La Festa dei Gigli ostensibly honors Nola’s 5th-century bishop, commemorating his return by sea from captivity by the barbarians, joyous nolani welcoming the arriving boat waving lilies (and la barca, too, will be in the midst of the Gigli on Sunday). But look again at those eight obelisks: clearly phallic. And this is summer solstice time, when the Romans bore homages to their deities for rich harvests to the temples: bound sheaves of grains, set alight – as the Gigli once were, for this festival’s roots are ancient.
And once again the pagan and Christian unite and blend harmoniously in Italy’s festivals of passione.
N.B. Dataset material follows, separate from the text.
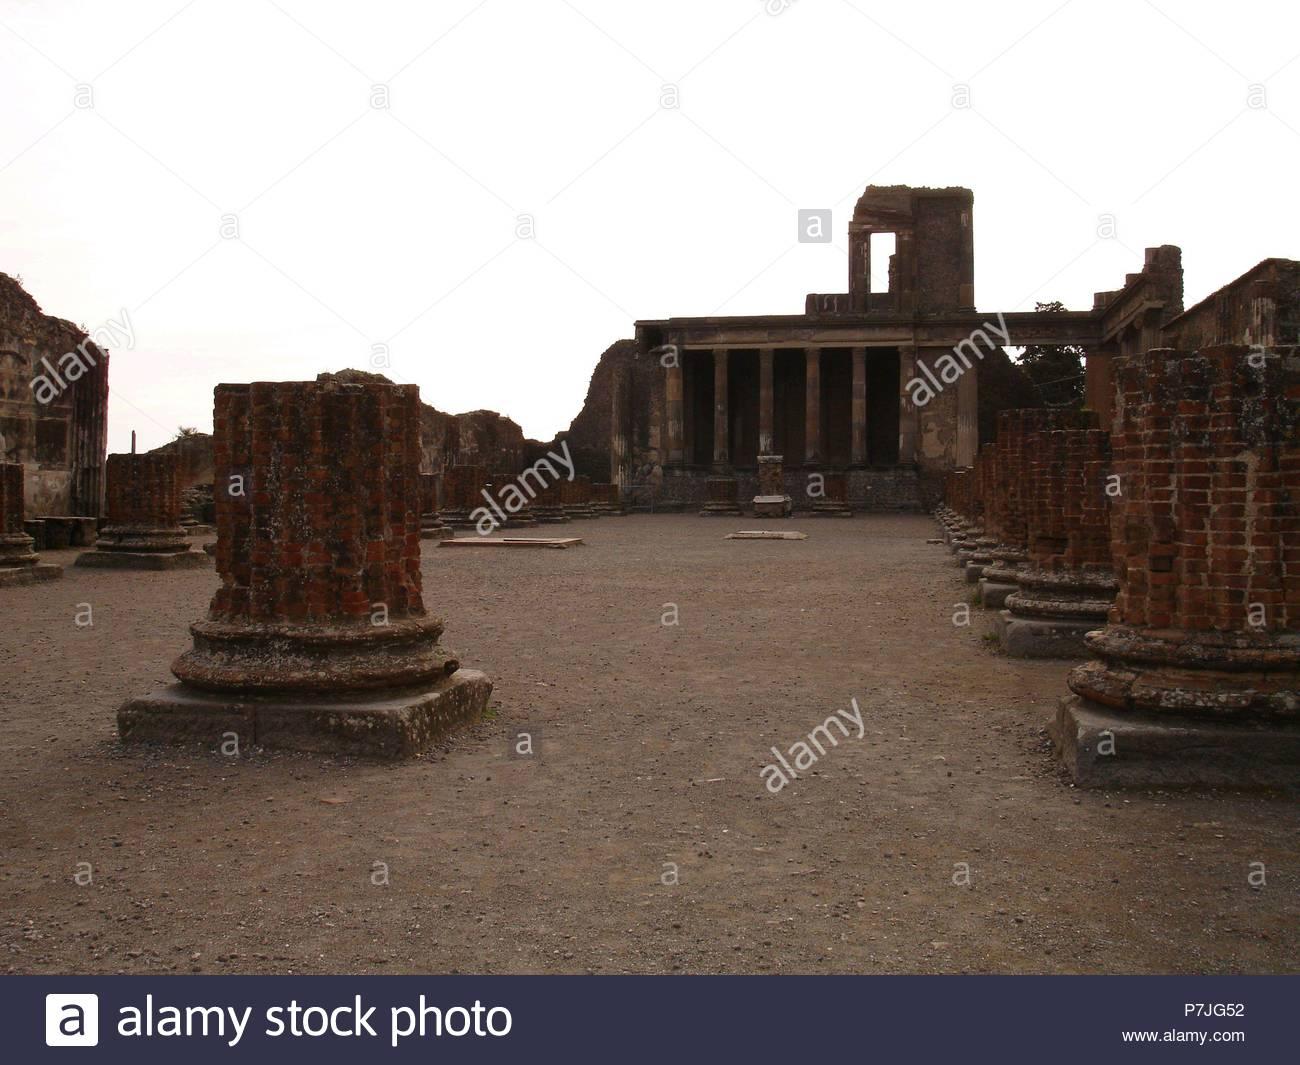 Basilique CONSTRUIDA EN EL AÑO 80 AC- AL FONDO EL TRIBUNAL DE JUSTICIA. Lieu: basilique, ITALIA. Photo Stock

We lived la passione nolana thanks to Gianni. Red-haired young nolano engineer, Gianni now works in Tuscany but heads home for the Gigli, logicamente, as do New Yorkers we met of nolano descendancy – though none were cullatori– eager to reunite with their paranza. Like Gianni. He was home to embrace his Giglio – and the festival. And Gianni embraced us, too, right from his advice on choice of B&B to tips on best fish ristoranti, his favorite cafe’ and gelaterie, Nola historic sites, festive moments not-to-miss, how to take the guided walking tour of the Gigli – and where to be on Sunday morning as the Gigli entered the main piazza backdropped by the Duomo, where San Paolino is buried (eight elegant Gigli processional banners flanking his flower-laden altar).
By Sunday, we were in the throes of “Gigli passione.” When did it start?
Probably Friday night, joining Gianni and friends for a pre-festa dinner to the beat of the musica nolana, all up to dance, sing between courses. Nolano fervor was contagious We felt it during our one-hour guided walk with impassioned young Giulia from Giglio-to-Giglio (passing small, hand-crafted gigli in many Nola shop windows and cafes) – and while hearing the stories of Gianni’s uncle, once a caporale for his paranza.
Nola kept on embracing us: we visited Gianni’s home, his father welcoming us with his homemade nocino (walnut liqueur) and his mother, with typical Gigli sweets. In the Duomo, I saw children praying before the San Paolino altar in the Duomo, their father reaching up to reverently touch the silver bust of the Saint (carried in Procession during the festivities): “Thanks to him, I survived a car accident”.
And on Sunday morning walking to the main piazza where the eight Gigli and la barca di San Paolino would soon converge, peaking emotions, explosive enthusiasm surrounded us. We passed piazzas with Gigli in the center, encircled by dancing, singing, clapping nolani in paroxysms of delirium.
In Piazza Giordano Bruno, la Festa dei Gigli hit us like a tsunami wave, washing us away: indescribable the emotional shock of first sight of a Giglio lifted up by 120 linked men, prancing to the rhythms of the band playing on the platform on their backs. Pino gasped, then grinned, then clapped. I just furtively rubbed away unexpected tears slipping down my cheeks.
Gianni, you shared so much with us – but nothing could possibly prepare us for the rhapsody of Gigli emotions.
We were far more than just “touched” by this ”Intangible.”